Almost immediately after Stierwalt’s ram was installed, students began discussing the statue on social media. It is nearly identical to the ram statue at the Rose Hill campus—another Stierwalt creation—famous among students for the tradition of mounting the bronze animal.

“I think it makes it feel like a real campus,” said Shilpa Basu, Fordham College at Lincoln Center (FCLC) ’18. “It’s really fun because now Rose Hill and Lincoln Center have something in common.”

Plans for the ram statue were solidified a little over a year ago, according to Vice President for Lincoln Center Brian J. Byrne, Ph.D.

“The Ram statue is a symbol meant to signify that the two campuses are parts of one University,” Byrne said in an email statement to The Observer.

Stierwalt made both of the statues and was asked by the university to replicate the ram that was installed at Rose Hill in 2006.

Stierwalt’s ram replaced an abstract statue titled “The Soaring Figure,” which Byrne described as “at best an abstract expression with no special reference to Fordham.” It has been moved to the Rose Hill campus.

Not all students, however, are on the ram statue bandwagon.

“Though I do appreciate the Fordham spirit that’s come to the Lincoln Center campus, I do miss the abstract statue that was so well-known in the plaza,” Elisabeth O’Neill, FCLC ’19, said.

The original plan was to put the ram statue in the same place as the Robert Moses plinth, according to an email Byrne sent to The Observer in November 2016. The plinth was put into storage last fall following a United Student Government (USG) vote to add a plaque to the monument explaining Moses’ controversial history.
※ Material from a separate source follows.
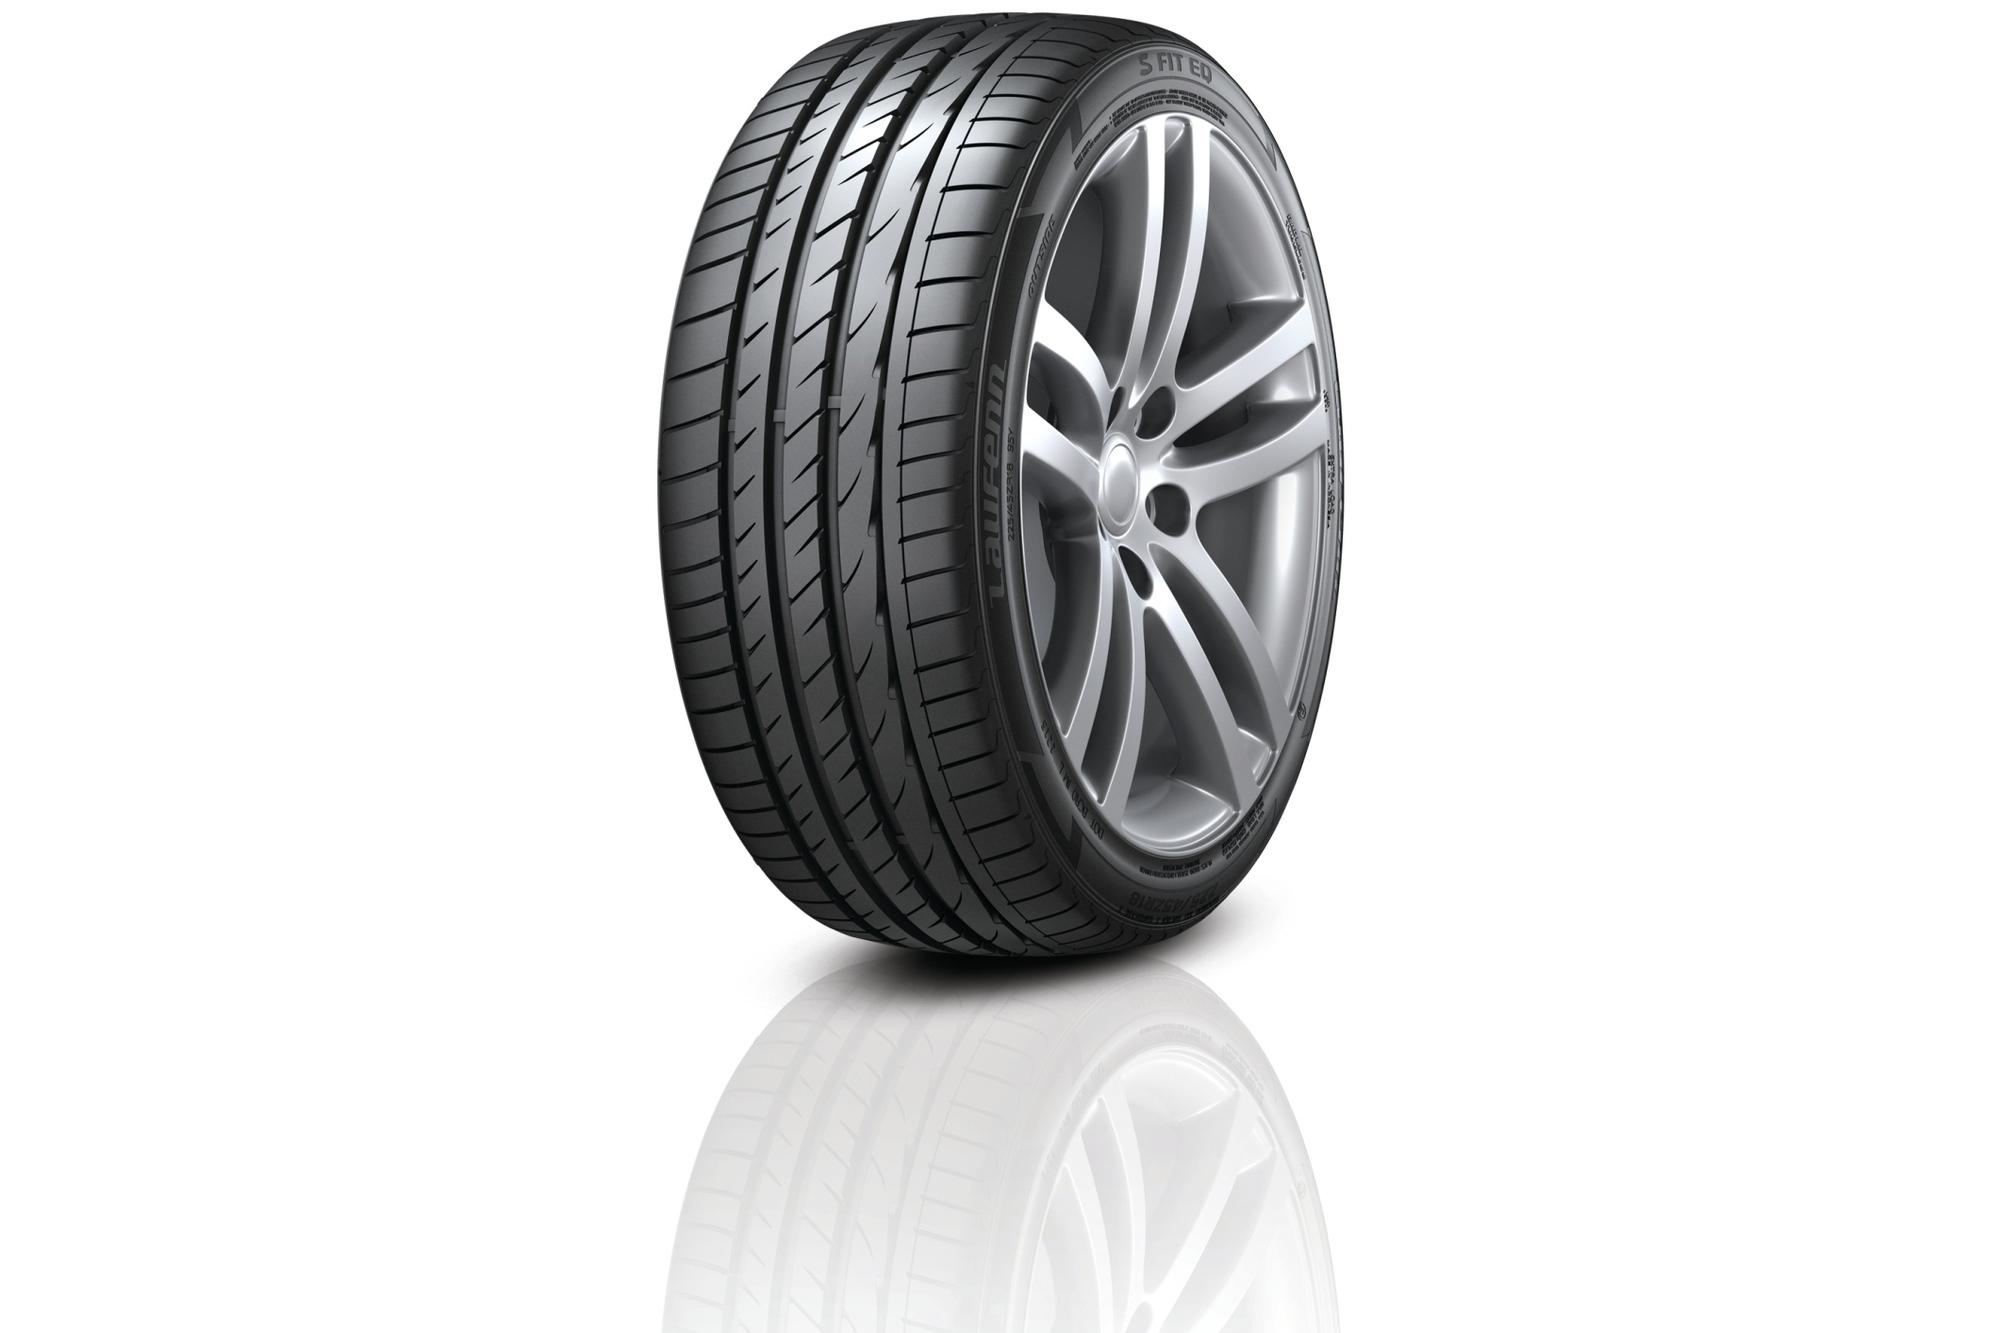 mid Groß-Gerau - Die neue Reifenmarke Laufenn startet jetzt mit drei Sommerreifen: ein Allrounder, einer für Kleintransporter und einer für besonders leistungsstarke Fahrzeuge.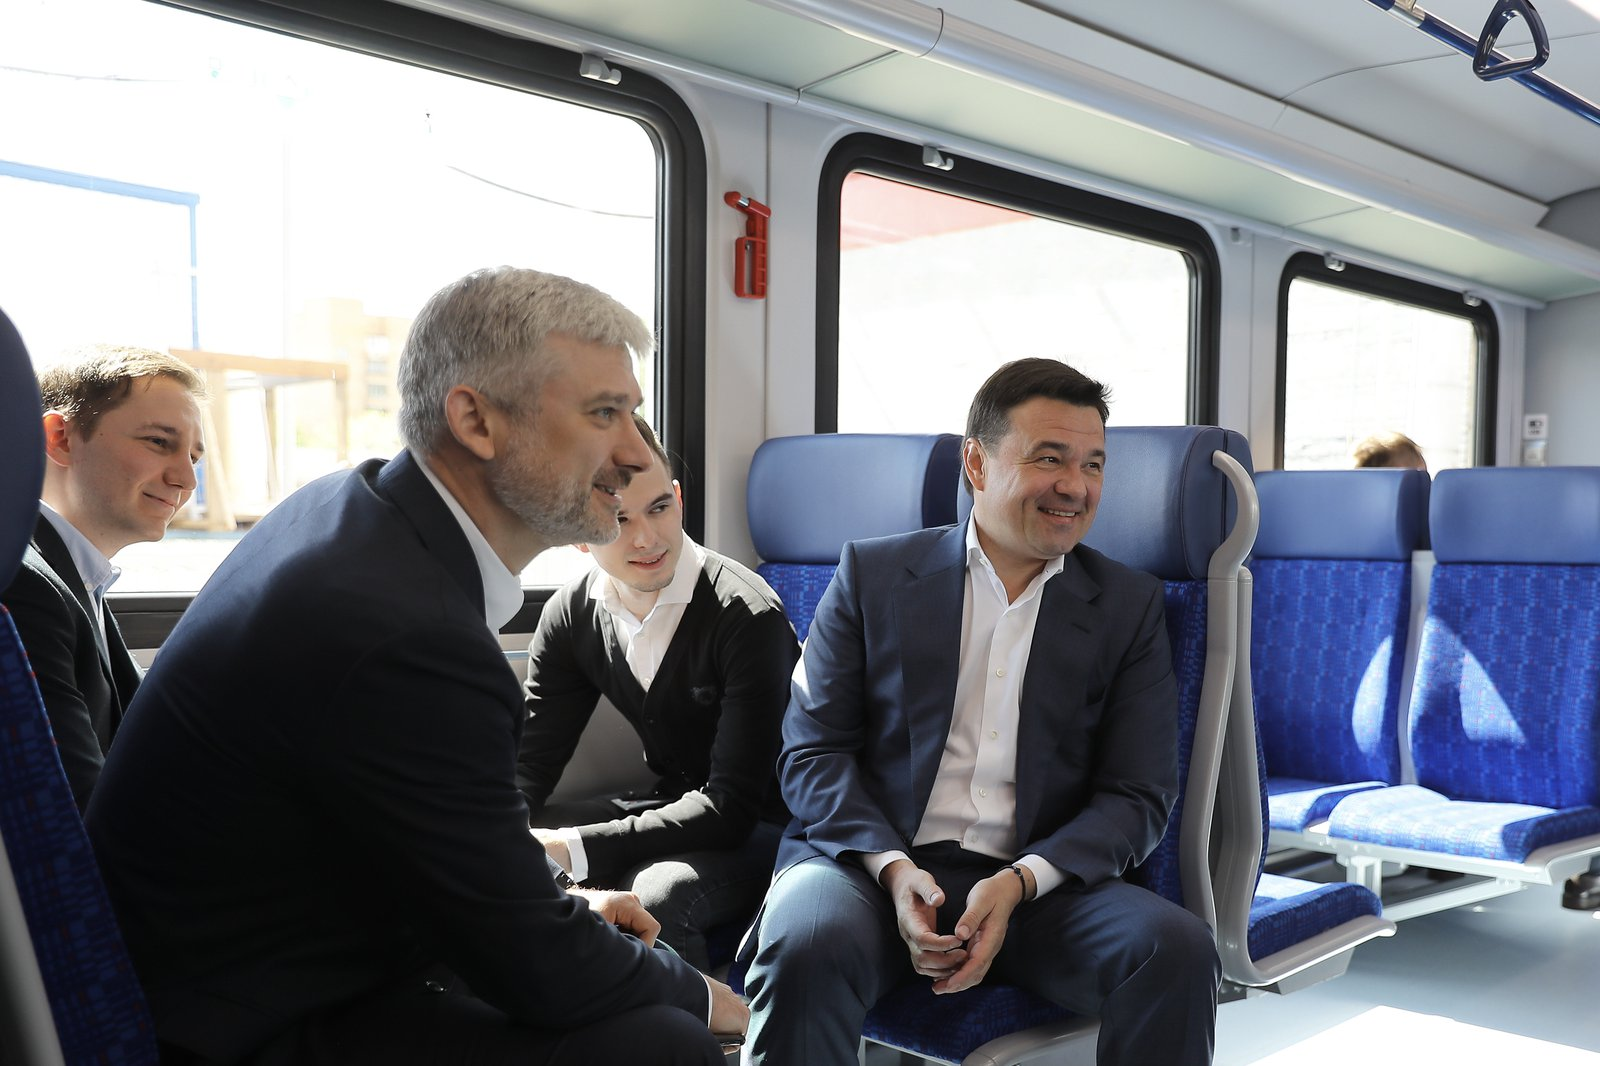 Андрей Воробьев губернатор московской области - Транспортная сеть будущего: новую железнодорожную платформу открыли в Подмосковье

While text is still being finalized, the plan is to have it include information on Moses’ urban planning legacy and the people that he displaced in order to construct the Fordham University campus and the Lincoln Center arts complex.

The plinth was “moved to storage to beat the winter weather while [awaiting] the draft of the statement to be attached to it,” according to the November 2016 email Byrne sent to The Observer. Prior to the removal of the plinth, it had stood on the plaza covered in styrofoam, cardboard and plastic following backlash from members of the Fordham community who asserted that Moses was a racist and highly problematic individual.

The university’s plan is to eventually relocate the plinth to the lower plaza, an area of campus that has not yet been fully developed. The university intends to replace “most of the parking area with a park,” pending approval from the city, according to an email from Byrne to The Observer sent on Sept. 22

He also noted that “news of the Plaza renaming will be released shortly.” It had been previously named the Robert Moses Plaza.

Until the plinth is reinstalled, the Lincoln Center campus is left with various statues of Saint Ignatius of Loyola and its new ram. Members of the Fordham community have already made their intentions of riding it in the tradition of its Rose Hill counterpart known.